Why Physical Therapy Is Your Best Bet For Treating Concussions

by Davy Brewster, PT, DPT, ATC/L, FMS-I, CCVRLeave a Comment

“I didn’t know that there was Physical Therapy for that!” I hear a variation of this phrase from most patients and even some physicians when I tell them that I am a physical therapist specializing in concussions. Over the last several years, much research has gone into concussions and treatment options. We confidently say that physical therapy is often very effective at treating concussion symptoms. We have also learned that 70% of concussions heal spontaneously on their own within 20 days. That brings up the question: When should someone seek physical therapy for their concussion? Recent research indicates that despite most concussions healing on their own, there is a benefit to starting physical therapy quickly.

Physical therapy treatment for concussions falls into three major categories: Exertional, cervical, and vestibular. Starting therapy early is beneficial for all three of these categories.

1. Exertional therapy is the newest category of concussion physical therapy that has received a lot of attention with research. There is more high quality (randomized controlled trials) on this topic as of 20191. Exertional physical therapy for concussions includes, but is not limited to, cardiovascular exercise, activity-specific exercise (simulating daily work or sport activities), and plyometric movements (jumping and agility). Early performance of these activities has shown a decrease in duration with concussion symptoms from 17 days to 13 days in adolescents.1

2. Cervical therapy is known to be an effective treatment for whiplash-type injuries. These often occur with concussion injuries due to the rotational nature of a concussion. Treatment of resultant neck pain allows for decreased pain, headaches, and other symptoms originating from the neck. It also allows for improved tolerance to vestibular exercises.2

3. Vestibular therapy is often the most profound yet confusing area of focus for patients. This system is not something we learn about in our high school anatomy or physiology classes. Often understood as the “crystals in my ears,” this system is a major contributor to our balance, coordination, and acceleration sensation. This includes focusing on what we are looking at as we move around. After a concussion, issues with this system may feel like dizziness, floaty feeling, or blurred vision. This can also lead to feelings of eye strain/fatigue and headaches. Treating vestibular issues beyond balance and “the crystals” allow for earlier return to play/return to work, improved symptom management, and decreased likelihood of longer-term issues.3 Through a dynamic and thorough evaluation, a trained physical therapist should be able to distinguish vestibular concerns effectively.

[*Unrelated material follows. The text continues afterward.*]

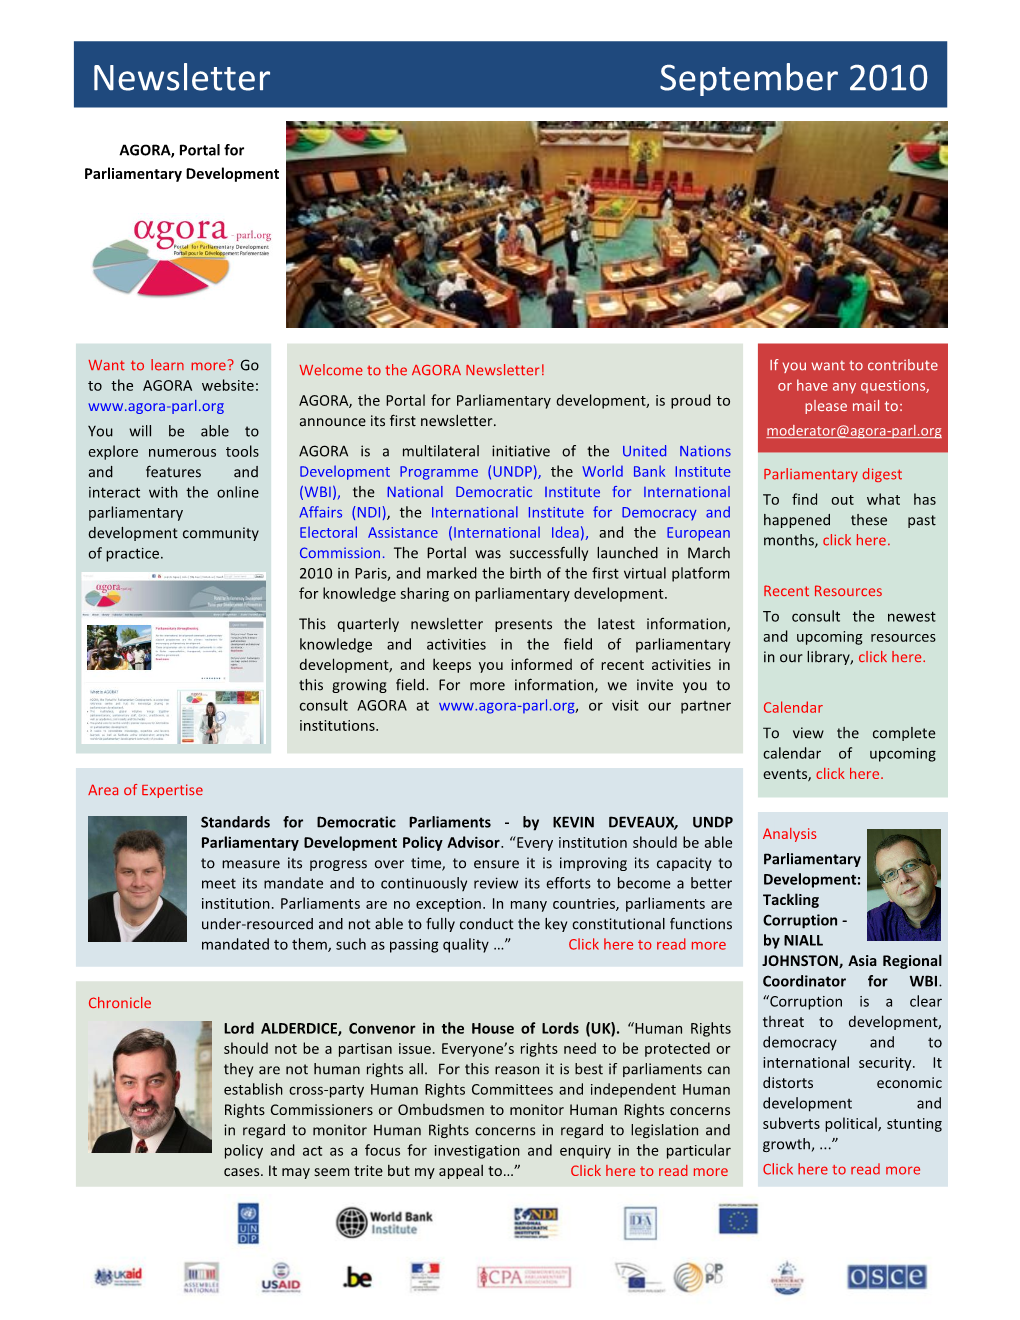 AGORA Newsletter (September 2010)

Physical Therapy Can Help Guide Your Treatment

I often tell patients how rewarding it is to have as much time with each patient that we do. We have more time to answer questions and process with patients than any other medical provider. Early treatment of concussions allows for more effective/efficient treatment, decreases concern, and allows for a more rapid return to normalcy compared to the former standard of just “resting” for 20 days or for the symptoms to go away naturally. This in turn can result in decrease likelihood of other secondary prolonged psychosocial and mental health concerns following a brain injury. If you have questions about how physical therapy can impact your recovery from a recent concussion, please contact your nearest Athletico. They will connect you with a trained clinician that will help initiate your care.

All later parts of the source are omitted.